- Born: September 19, 1962 (age 63)
- Genres: Rock; pop; R&B; soul; funk; funk rock; funk metal; dance;
- Occupations: Musician; actor;
- Instruments: Vocals; percussion;
- Years active: 1981–present
- Labels: Warner Bros.; Paisley Park;
- Website: Official Website For Jerome Benton

= Jerome Benton =

American musical performer, dancer, and actor

Jerome Benton (born September 19, 1962) is an American musician and actor, best known for being the dancer, percussionist, and backing vocalist for The Time.

==Career==

Benton is the brother of The Time bassist Terry Lewis and worked closely with the band behind the scenes in their initial career. During a performance, lead singer Morris Day asked for a mirror. Benton responded by ripping a mirror out of the club's restroom and bringing it on stage for Day to comb his hair. Following the performance, Benton joined the band as a comedic foil to Day, and provided additional backing vocals and percussion.

Benton appeared in the 1984 film Purple Rain with the rest of The Time and assumed the role of Morris Day's bodyguard and valet. He also appeared in Prince's second film Under the Cherry Moon, and in Prince's fourth film Graffiti Bridge. The chemistry between Day and Benton was well received.

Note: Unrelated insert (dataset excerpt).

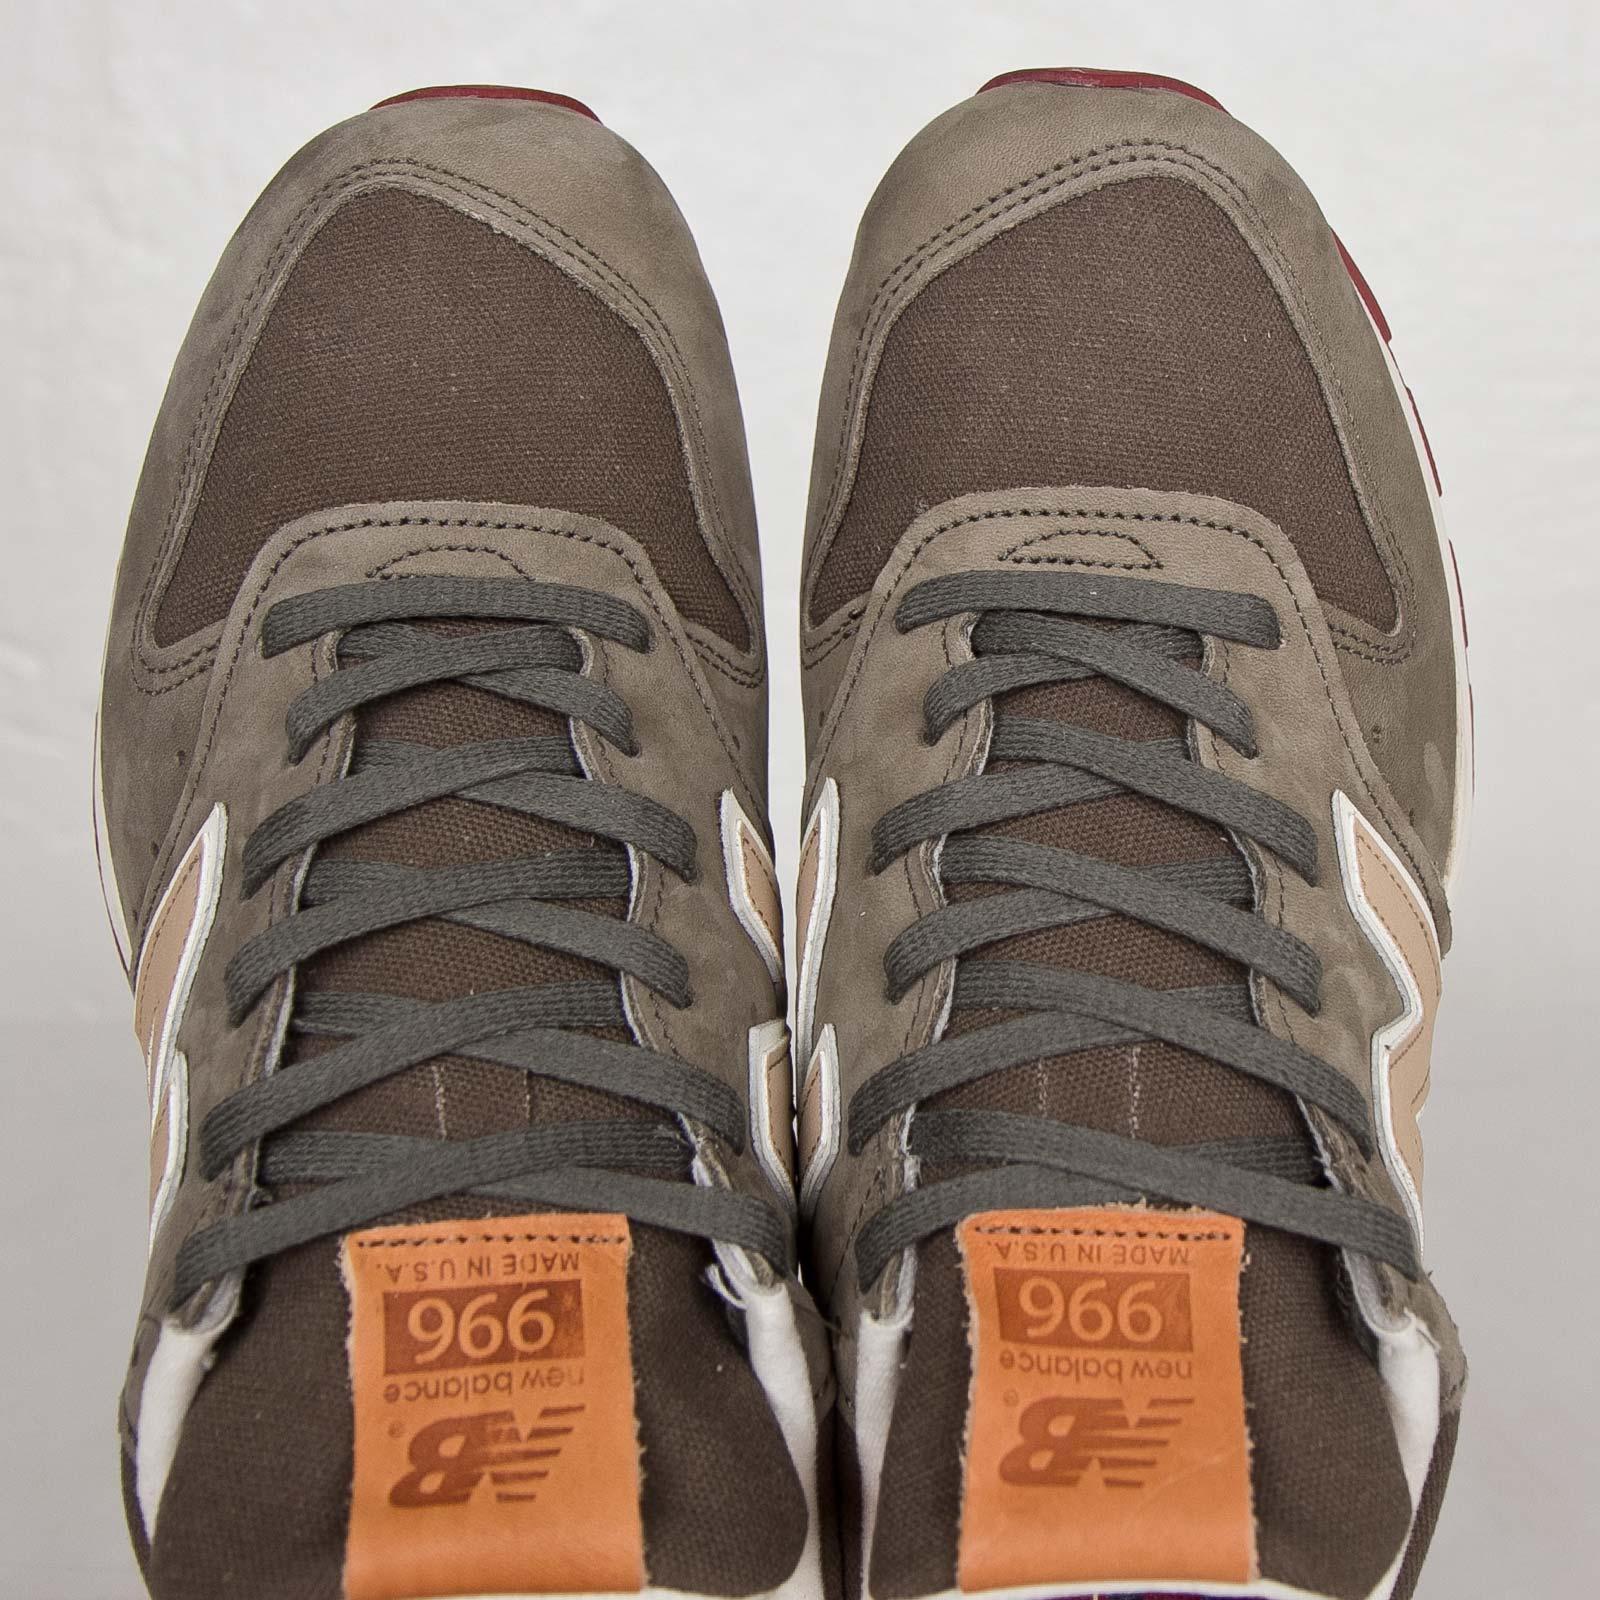 New Balance M996 - M996dol - SNS   sneakers & streetwear online ...

Although The Time soon dissolved after Day started pursuing a solo career, Prince retained Benton, as well as Jellybean Johnson and Paul Peterson for the short-lived project The Family.
In 1986, Benton appeared in the music video for Janet Jackson's "Control" along with Terry Lewis and Jimmy Jam.
Benton reunited with The Family on December 13, 2003 for a single charity performance along with other acts formerly associated with Prince.

Benton joined Prince alumnus Jill Jones, Greg Brooks & Wally Safford in Detroit June 2017 for "The Purple Block Party: Prince" sponsored by UrbanOne Station KISS 105.9 in honor of the late performer's birthday.

In January 2018, Benton joined his brother Terry Lewis in support of Super Bowl Live in Minneapolis. Jerome was featured in several performances including fDeluxe The Family, The Time, Morris Day & The Time and Sheila E.

Benton returned to Minneapolis in support of the PRN Alumni Foundation in April 2019. The event featured a performance from Ingrid Chavez with an Author's panel featuring Chris Riemenschneider, Jim Walsh, Allen Beaulieu, Tamar Davis & Duane Tudahl.